Medical decision analysis is not familiar to many clinicians, but it can distinguish between probabilistic reasoning (for uncertain outcomes related to decision-making, such as whether to administer human growth hormone in the controversial clinical scenario shown in Figure 1) and consideration factors (for subjective values attached to these outcomes, whose value is quantified as “utility”, such as the value of a 2 cm increase in male height), providing systematic solutions for complex medical decisions. In decision analysis, clinicians must first determine all possible decisions and probabilities associated with each outcome, and then incorporate the patient (or other party) utility associated with each outcome to select the most appropriate option. Therefore, the validity of decision analysis depends on whether the outcome setting is comprehensive, as well as whether the measurement of utility and the estimation of probability are accurate. Ideally, this approach helps ensure that decisions are evidence-based and aligned with patient preferences, thereby narrowing the gap between objective data and personal values. This method was introduced into the medical field several decades ago and applied to individual patient decision-making and population health assessment, such as providing recommendations for colorectal cancer screening to the general population.

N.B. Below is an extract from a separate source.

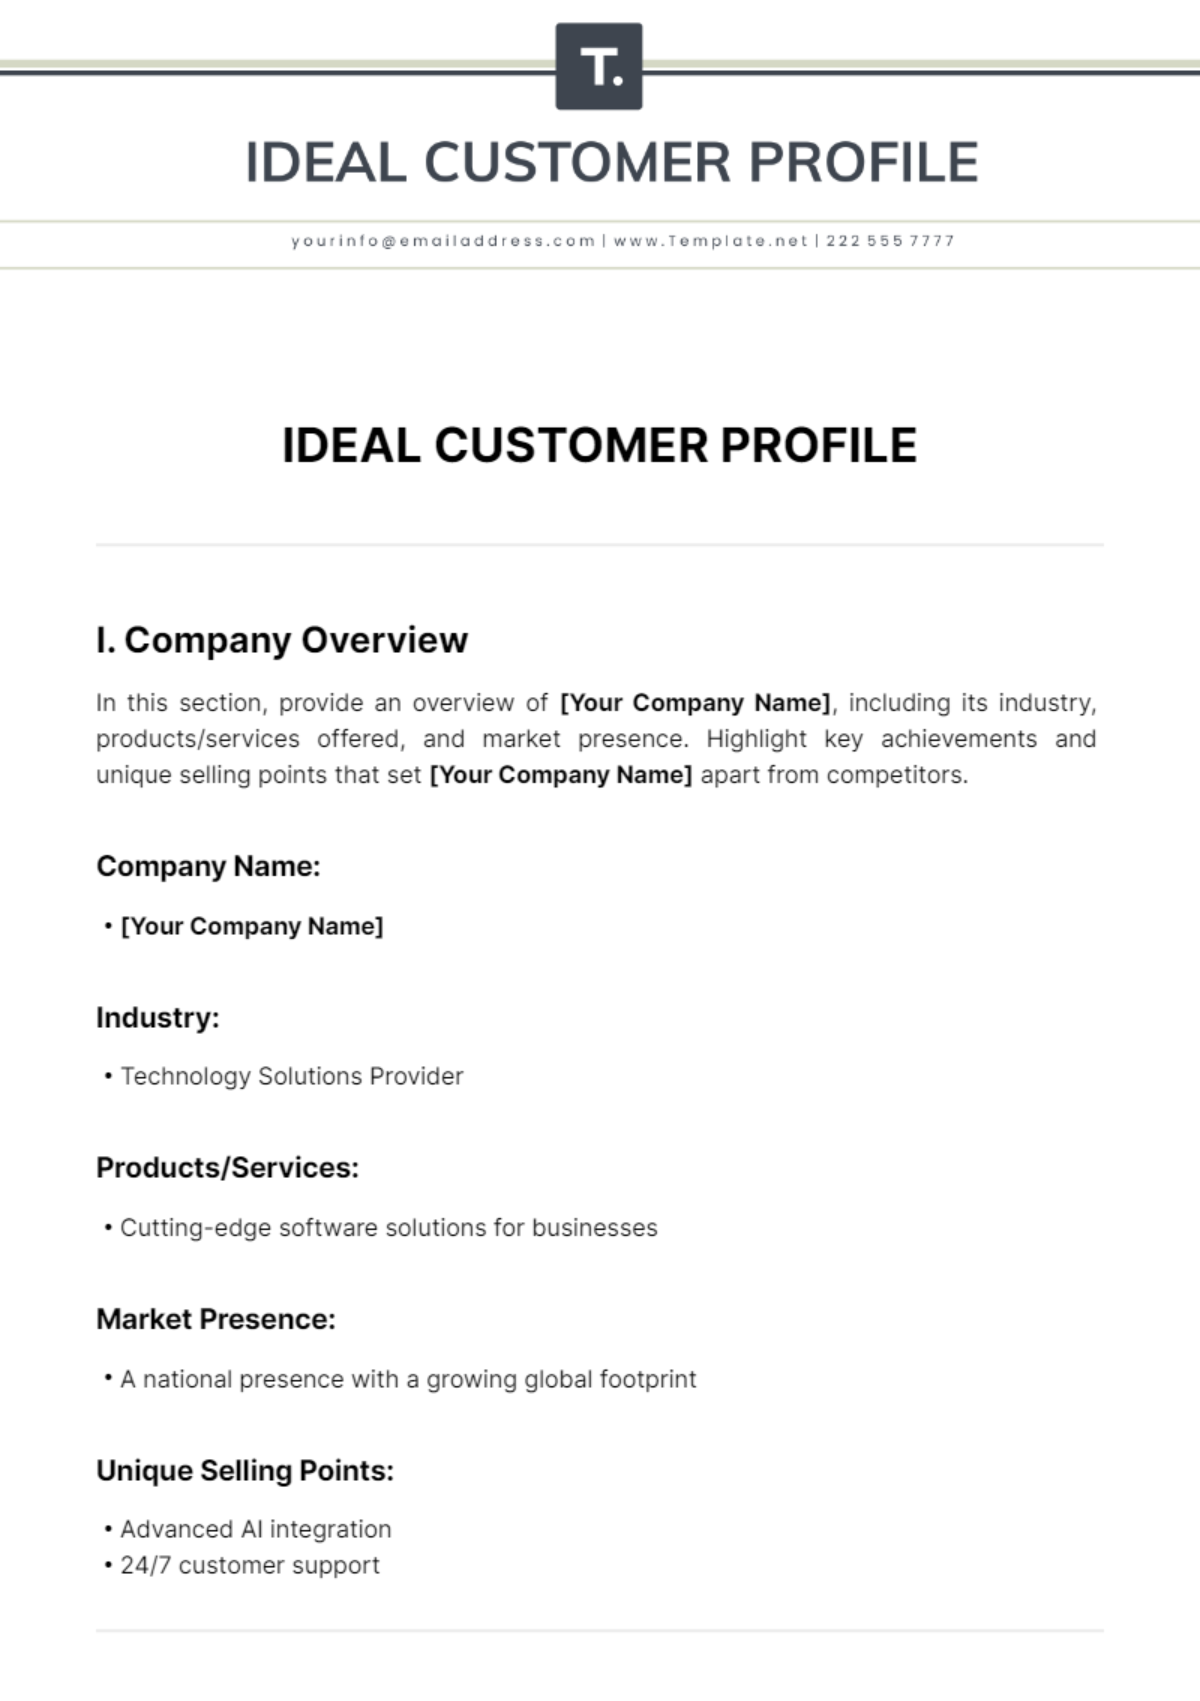 Ideal Customer Profile Template

In medical decision analysis, various methods have been developed to obtain utility. Most traditional methods directly derive value from individual patients. The simplest method is to use a rating scale, where patients assess their level of preference for a certain outcome on a digital scale (such as a linear scale ranging from 1 to 10), with the most extreme health outcomes (such as complete health and death) located at both ends. The time exchange method is another commonly used method. In this method, patients need to make a decision on how much healthy time they are willing to spend in exchange for a period of poor health. The standard gambling method is another commonly used method for determining utility. In this method, patients are asked which of the two options they prefer: either live a certain number of years in normal health with a specific probability (p) (t), and bear the risk of death with a 1-p probability; Either make sure to live for t years under cross health conditions. Ask patients multiple times at different p-values until they show no preference for any option, so that utility can be calculated based on patient responses.
In addition to methods used to elicit individual patient preferences, methods have also been developed to obtain utility for the patient population. Especially focus group discussions (bringing patients together to discuss specific experiences) can help understand their perspectives. In order to effectively aggregate group utility, various structured group discussion techniques have been proposed.
In practice, the direct introduction of utility in the clinical diagnosis and treatment process is very time-consuming. As a solution, survey questionnaires are usually distributed to randomly selected populations to obtain utility scores at the population level. Some examples include the EuroQol 5-dimensional questionnaire, the 6-dimensional utility weight short form, the Health Utility Index, and the Cancer Specific European Cancer Research and Treatment Organization Quality of Life Questionnaire Core 30 tool.